Contrary to the above, as of November 14, 2017, the design control measures failed to
conform to Class I requirements and also failed to verify the adequacy of the design.
Specifically, Calculation No. EA-SP-03369-02, Revision 0, failed to verify the adequacy
of the design for the CS pipe supports HC44-R884, HC44-R884.1, HC44-R884.2,
HC44-R884.3, HC44-R884.4, HC44-R884.5 and HC44-R884.9 to ensure it met the
Class I requirements. Because this violation was of very-low safety significance (Green)
and it was entered into the licensees CAP as CR-PLP-2017-05246, this violation is
being treated as a NCV, consistent with Section 2.3.2 of the NRC Enforcement Policy.
(NCV 05000255/2017007-02; Containment Spray Pipe Support Strap Deficiencies)
(2) Containment Dome Truss Analysis
Introduction: The inspectors identified an unresolved item (URI) concerning the analysis
that demonstrated the design adequacy of the containment dome truss under design
and licensing basis loading conditions.
Description: The dome truss system was originally designed to support the containment
liner plate and wet concrete during the construction of the containment dome (i.e., the
liner plate initially acted as a form and the truss supported the form). After the concrete
cured, the dome truss system was lowered away from the liner and was used to support
the safety injection tanks (SITs) and CS system piping and their associated supports.
The CS and SIT systems are both safety-related which were required to be evaluated for
seismic loads (self-weight and externally applied loads). The dome truss system would
have also been required to be evaluated for seismic loads.
The UFSAR, Section 6.1, described the safety-related design function of the SIT
system was to prevent fuel and cladding damage that could interfere with adequate
emergency core cooling, and to limit the cladding-water reaction to less than
approximately 1 percent for all break sizes in the primary system piping up to and
including the double-ended rupture of the largest primary coolant pipe, for any break
location, and for the applicable break time. Also, the SIT system also functions to
13
provide rapid injection of large quantities of borated water for added shutdown capability
during rapid cooldown of the primary system caused by a rupture of a main steam line.
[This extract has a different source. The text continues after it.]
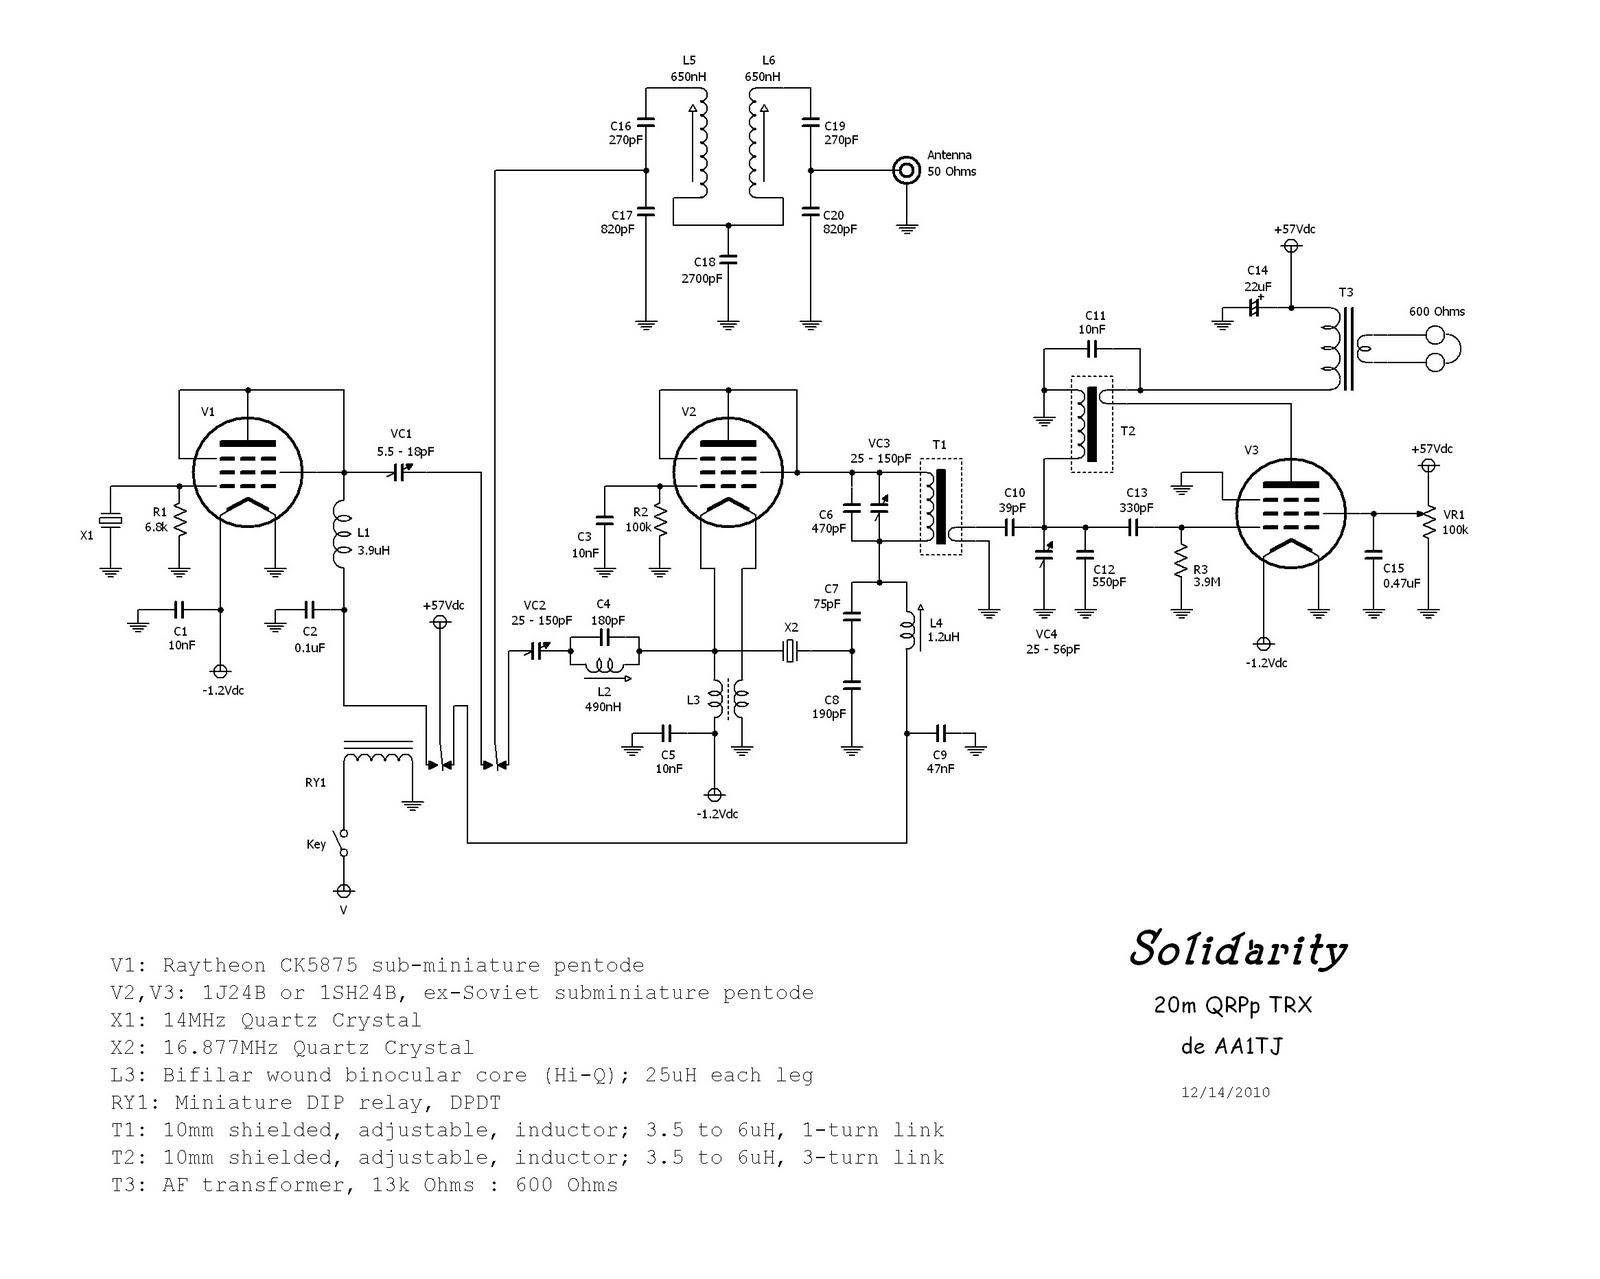 m1kta s qrp ham radio blog hro 5 and russian pencil valves Headlight Wiring Diagram dl3jin de tx 1x 1p24b htm
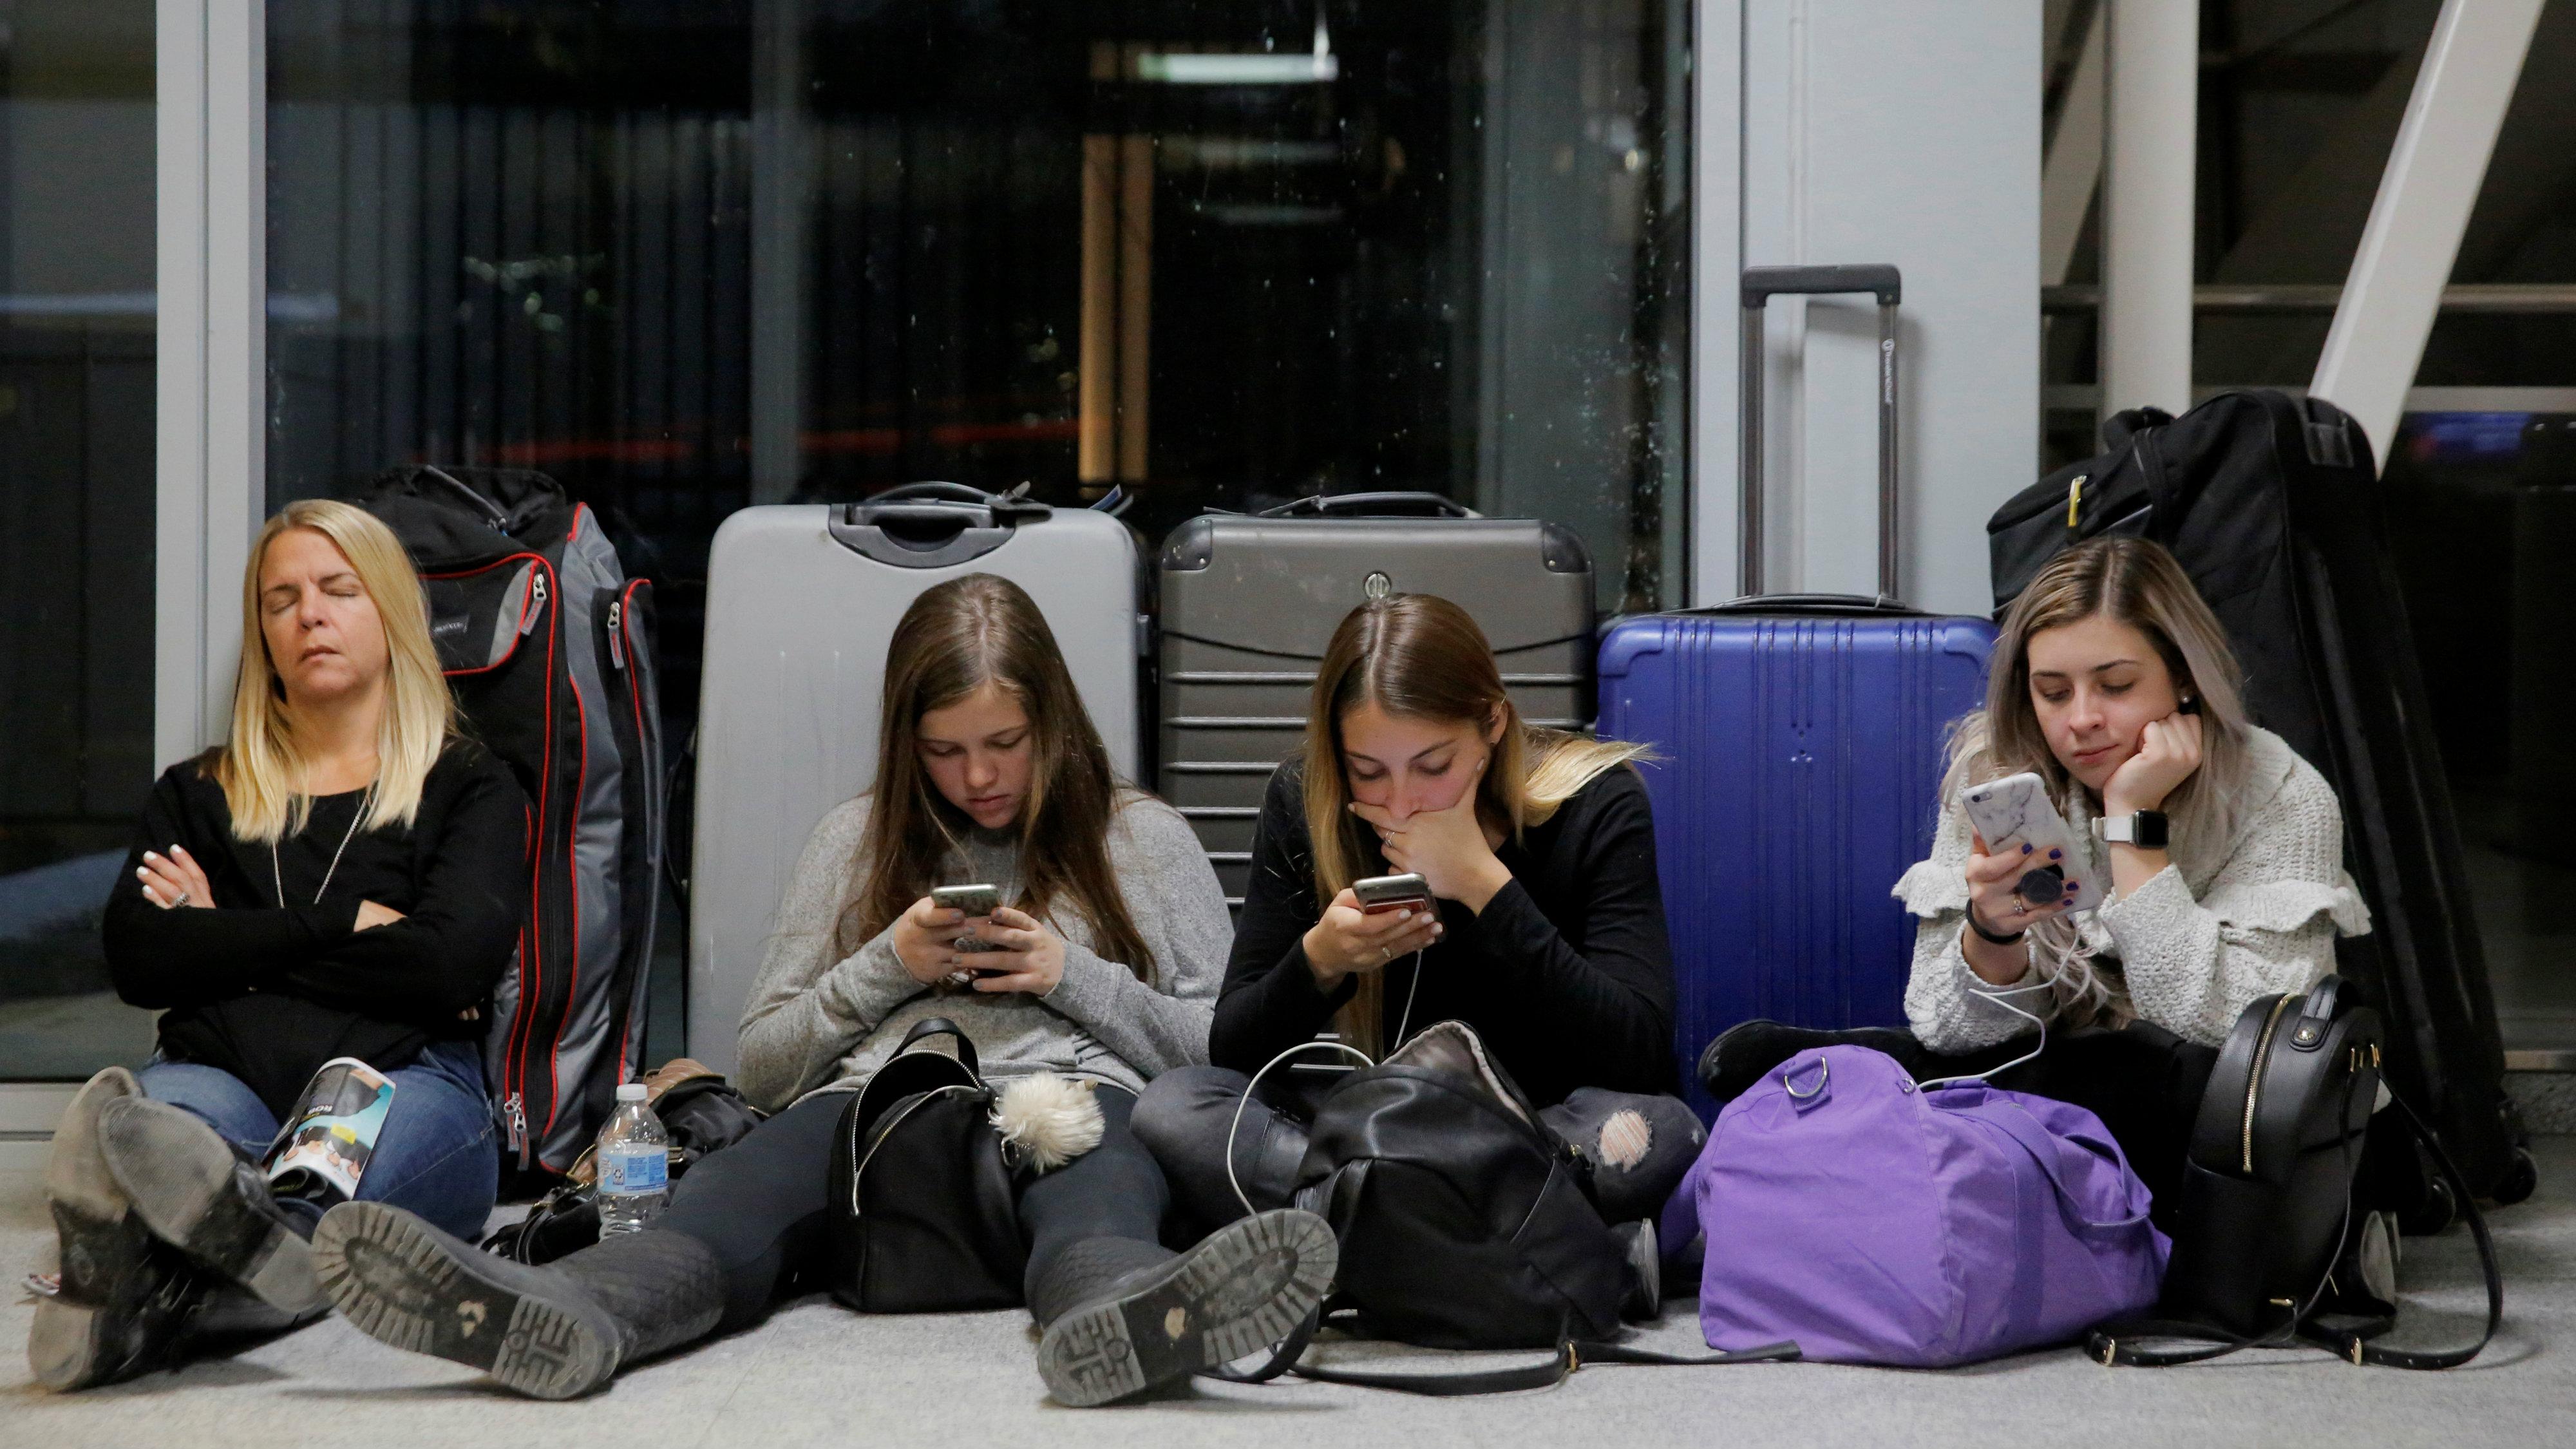 Stranded airline passengers.

UFSAR Section 6.2.1 described the safety-related design function of the CS system was
to limit the containment building pressure rise and reduce the airborne radioactivity in
containment by providing a means for spraying the containment atmosphere after
occurrence of a LOCA or a main steam line break.
The inspectors requested the design basis analysis of the dome truss system that
considers the LOCA loading on the dome truss system as well as the seismic loading
due to the applied design loads from the CS and SIT system. During the time of the
inspection, the licensee was unable to locate the dome truss analysis.
In response to the inspectors concern, the licensee entered the issue into their CAP
as CR 2017-05016, Dome Trusses, dated November 1, 2017. The licensee is
investigating the containment dome truss analysis further with the vendor of the dome
truss system.
This issue is a URI pending additional inspector review of the design basis analysis for
the containment dome truss system. (URI 05000255/2017007-03; Containment Dome
Truss Analysis)
.6 Operating Procedure Accident Scenarios
a. Inspection Scope
The team performed a detailed reviewed of the procedures listed below. The
procedures were compared to UFSAR, design assumptions, and training materials to
assess their consistency. The following operating procedures were reviewed in detail:
4.48, Time Critical Action/Time Sensitive Action Program Standard, Revision 6;
EOP TCA, EOP Time Critical/Time Sensitive Operator Action Basis, Revision 2;
SOP 22, Emergency Diesel Generators, Revision 74;
AOP 41, Alternate Safe Shutdown Procedure, Revision 3; and
AOP Supplement 8, Operation of Panels EC-150/EC-150A, Revision 0.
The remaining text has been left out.